There is no doubt that "information" is deeply related to "semiosis" and
hence to the Peircean "sign". In a certain sense, "information" is a sign
and as such must be irreducibly triadic, which, again, may be represented
diagrammatically thus:
f g
Object ---------> Sign --------> Interpretant
| ^
| |
|__________________________|
h
Figure 1. "Information" as a Peircean sign and a mathematical category. f
= natural process; g = mental process; h = information flow. The
commutative requirement is thought to be satisfied: f x g = h.

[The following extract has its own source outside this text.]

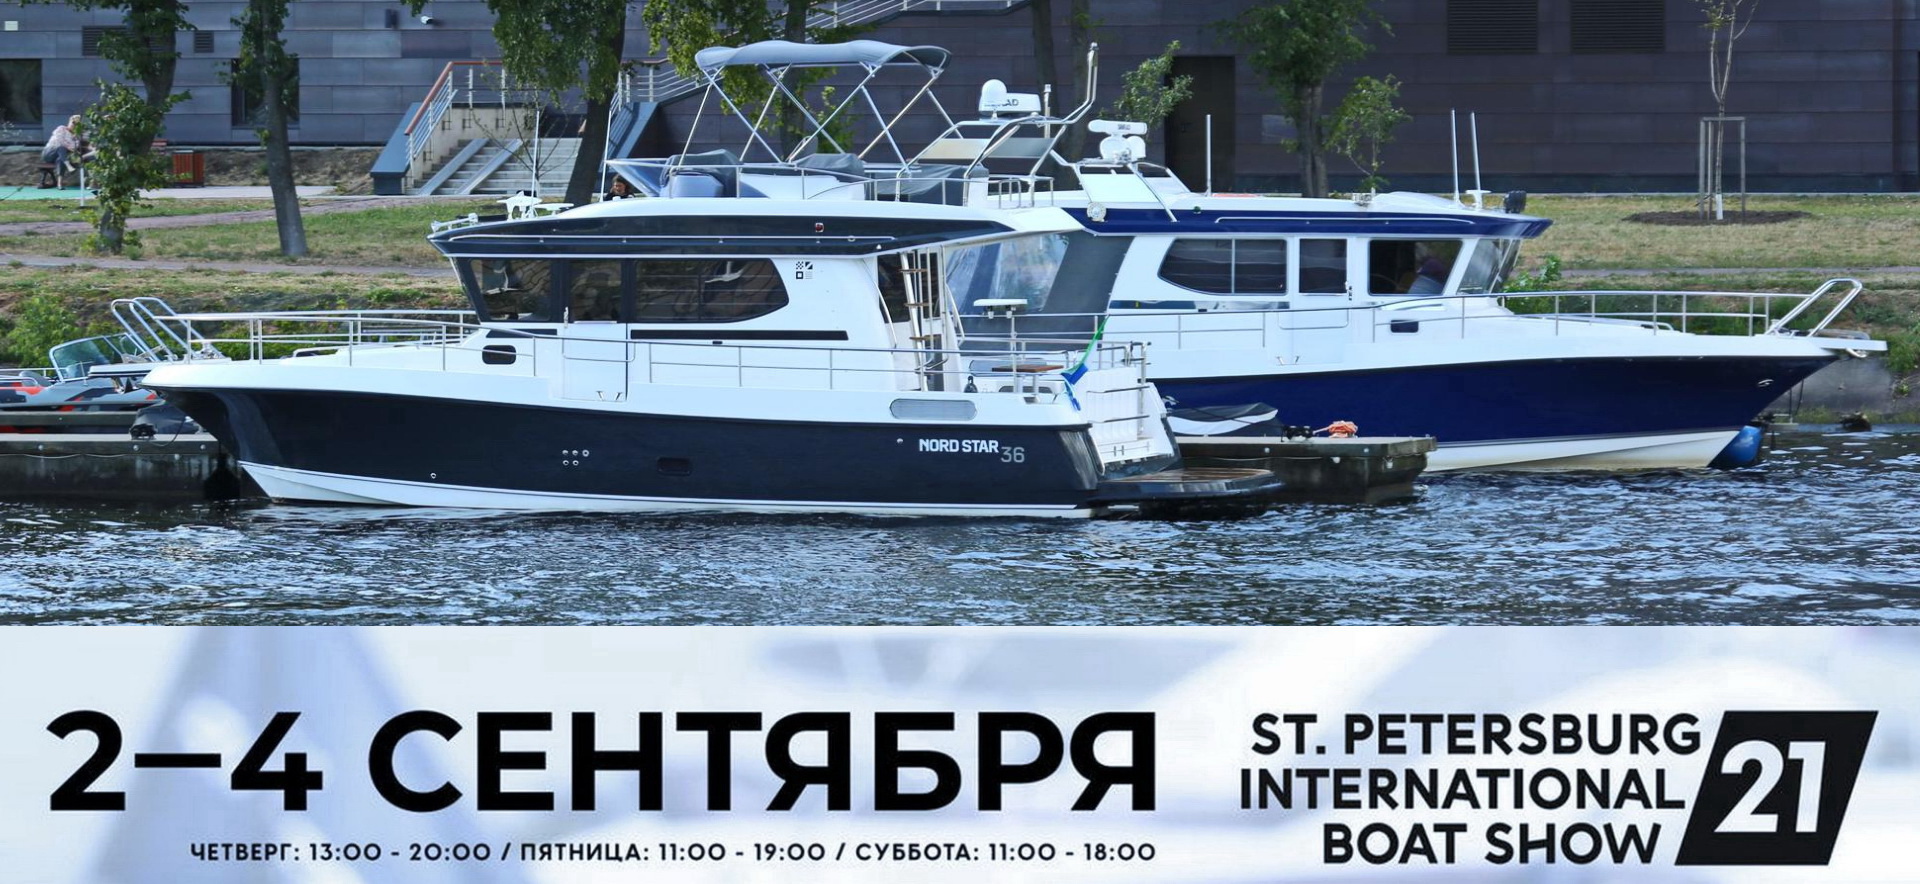 Приглашаем на выставку катеров и яхт SPIBS 2021 в Санкт-Петербурге!
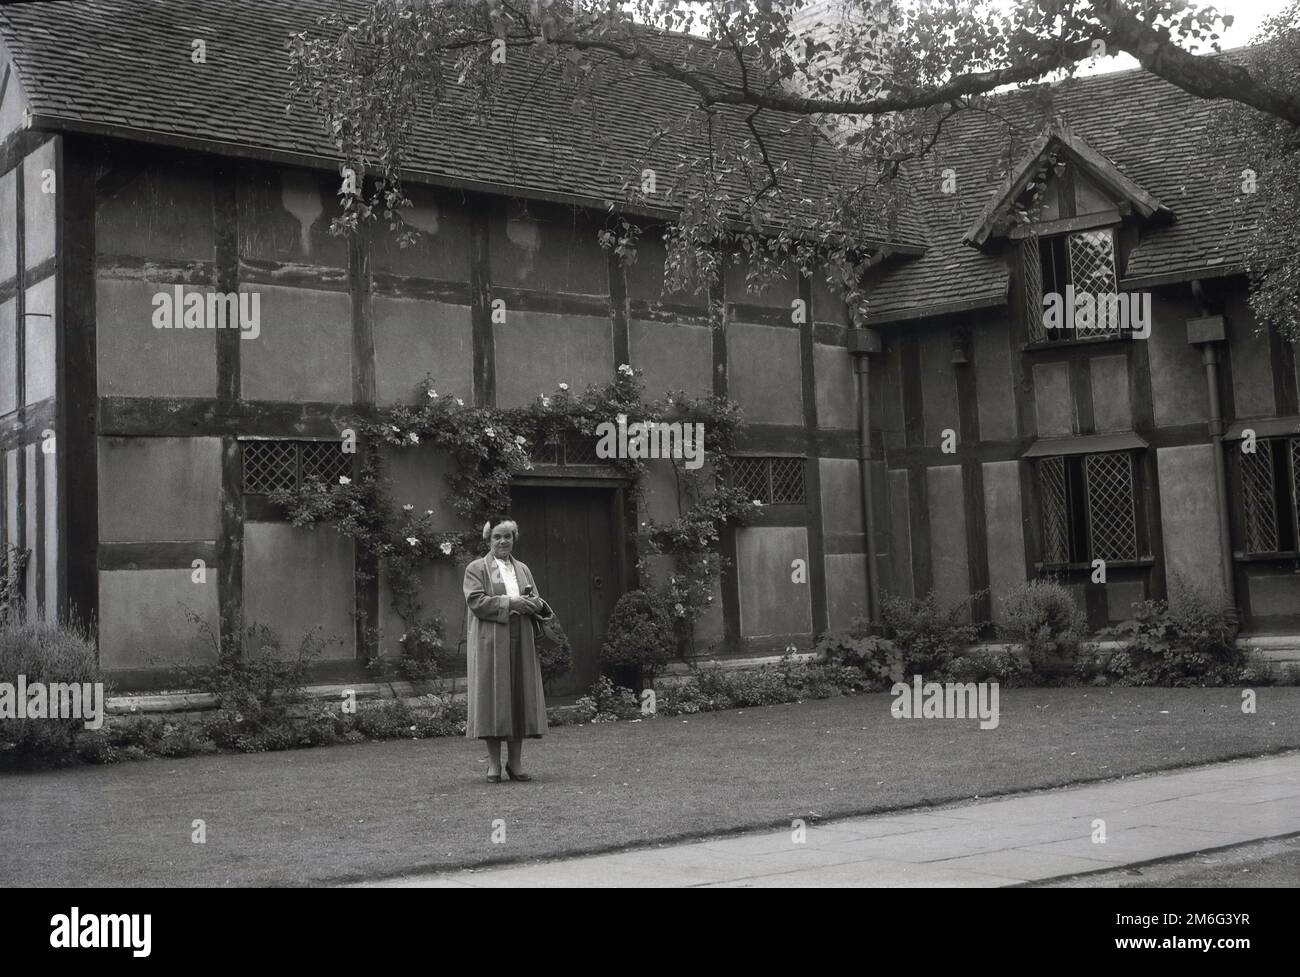 1950s, historique, une dame se tenant sur une pelouse à l'arrière du lieu de naissance de William Shakespeare, une maison à colombages de 16th siècle à Henley Street, Stratford-upon-Avon, Angleterre, Royaume-Uni. La vieille maison a été achetée par le Shakespeare Birthplace Trust en 1847. Banque D'Images

Now, concerning the relation between "information" and "matter", if there
is "organized" matter, there must also exist "disorganized matter",
otherwise how can you tell whether matter is organized or not ? This
conclusion seems to agree with what Nick Herbert calls the "spectral area
code" [1], which in turn is a generalization of the Fourier theorem,
according to which any wave can be described most efficiently in terms of
its 'kin' waveform family which has its 'conjugate' waveform family which
is orthogonal to it and hence least efficient for describing the wave.
Perhaps matter is neither organized nor disorganized; it appears either
this way or that only to the human mind. Likewise with "information".
Matter is neither "informed" nor "uninformed"; it appears this way or that
only to the the human mind.
With all the best.
Sung
Reference:
[1] Herbert, N. (1985). Quantum Reality: Beyond New Physics. Anchor
Books, New York. Pp. 87-89.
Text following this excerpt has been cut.